Przez chwilę bestie zawahały się. Ognia lękały się jak niczego innego na świecie. Szybko jednak spostrzegły, że płomienie da się ominąć i ruszyły w jego stronę, nie zważając na chmarę strzał, które Halt posłał w ich kierunku.
Gdyby musiały przemierzyć jeszcze sto metrów, być może uporałby się z obiema bestiami. W kołczanie wciąż pozostało mu co najmniej tuzin strzał. Jednak czas i odległość nie sprzyjały mu, toteż ledwie umknął z życiem. Teraz siedział skulony, ukryty w płytkim zagłębieniu pod dwoma opartymi o siebie w kształcie litery A fragmentami zwalonego muru, przykryty płaszczem, który służył mu za maskowanie przez tyle lat. Teraz jego jedyną nadzieją na przeżycie było to, że pojawi się Will z Araldem i Rodneyem. Jeśli do ich przybycia potwory nie zdołają go odnaleźć, miał szansę na ocalenie.

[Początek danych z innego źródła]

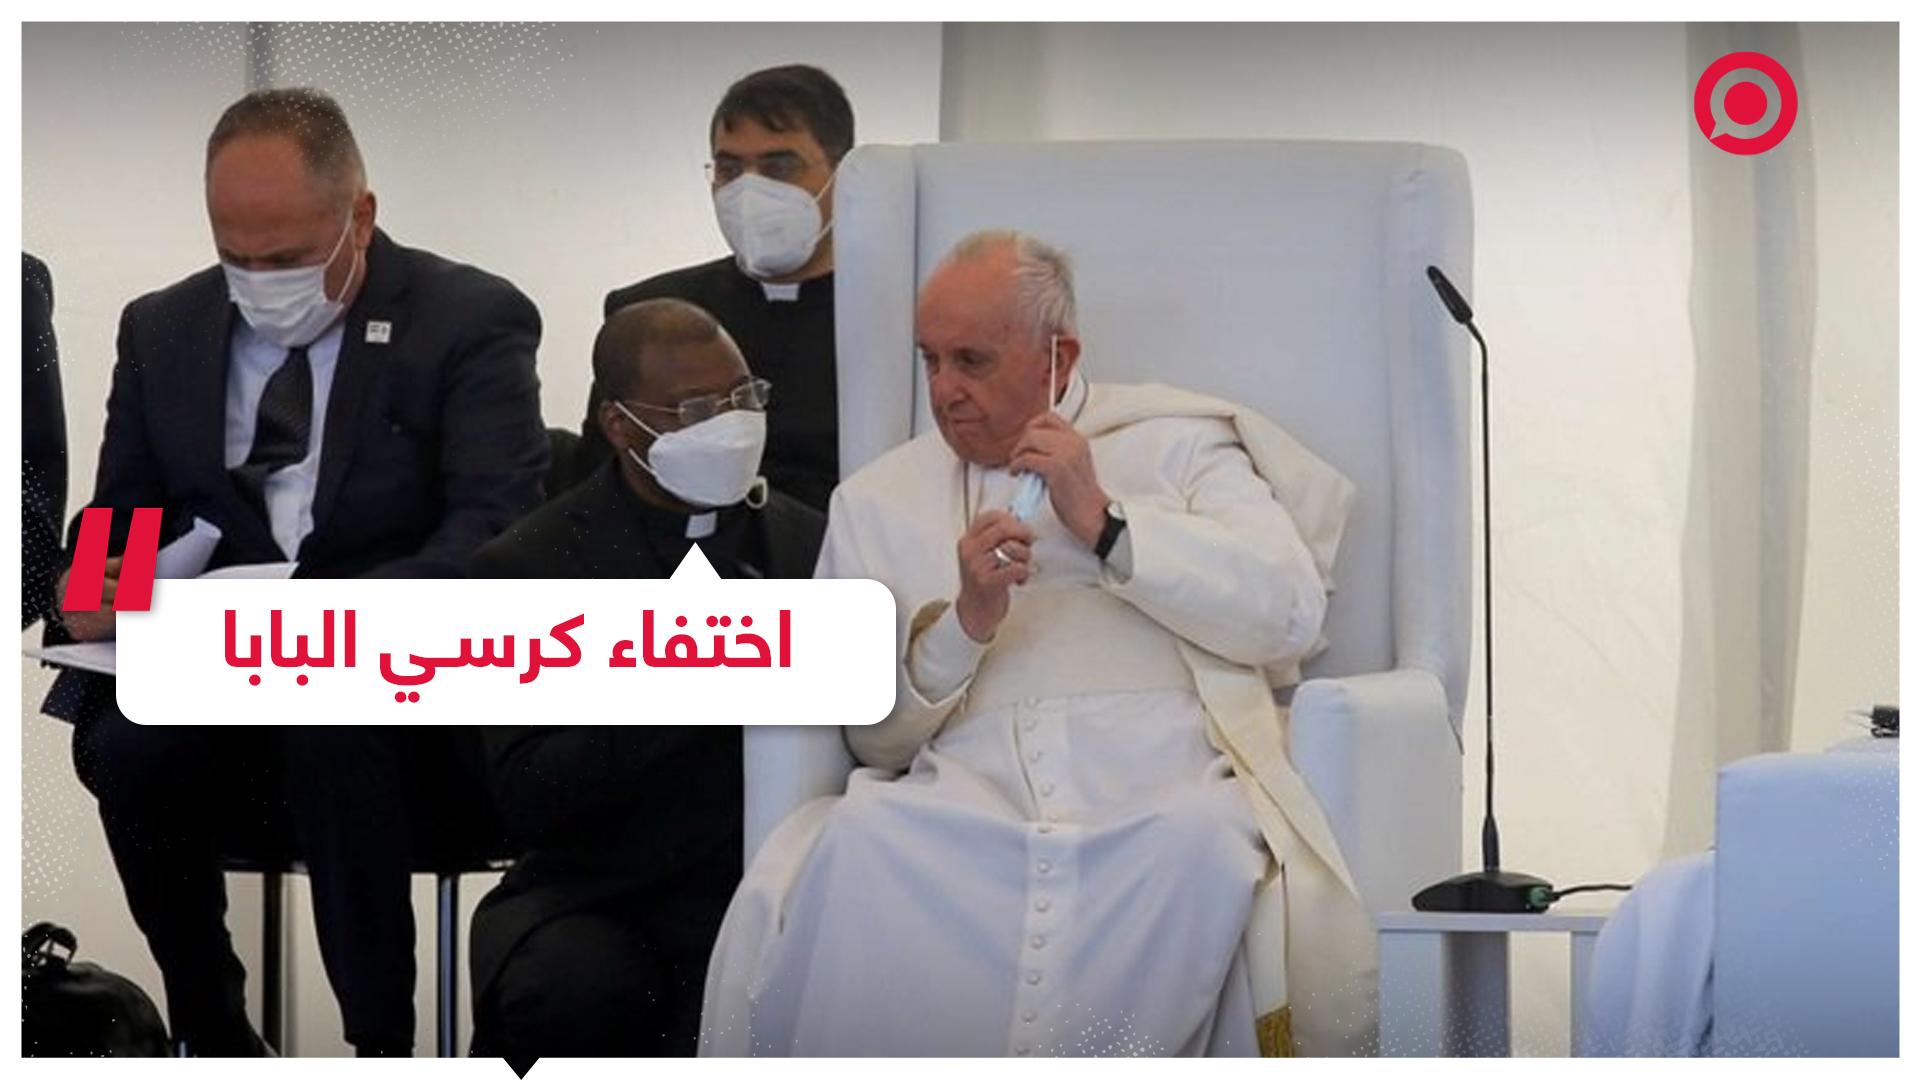 ما قصة كرسي البابا

Wolał nawet nie myśleć o drugiej możliwości — o tym, że Gilan może nadejść wcześniej, samotny, uzbrojony jedynie w swój łuk i miecz. Teraz, gdy Halt widział już kalkara z bliska, wiedział, że jeden człowiek miał nikłe szanse w starciu z tą istotą. Tak więc jeśli Gilan pojawi się przed rycerzami, przypuszczalnie zginą obaj — i on, i Halt — bo przecież zwiadowca nigdy nie pozwoliłby, żeby jego były uczeń samotnie stawił czoło potworowi, nie mając pojęcia, z jaką grozą ma do czynienia.
Tymczasem stwór przemierzał dawny dziedziniec niczym myśliwski ogar tropiący zwierzynę, metodycznie i wytrwale, zaglądając w każdy zakątek, każde zagłębienie, każdy załom rumowiska, sprawdzając każdą możliwą kryjówkę. Halt wiedział, że wkrótce go odnajdzie. Dobył małego noża służącego do rzucania, jedynej broni, jaka mu pozostała. W starciu z tak potężnym przeciwnikiem nożyk był prawie bezużyteczny, jednak Halt nie miał już nic więcej, a nie zamierzał poddawać się bez walki.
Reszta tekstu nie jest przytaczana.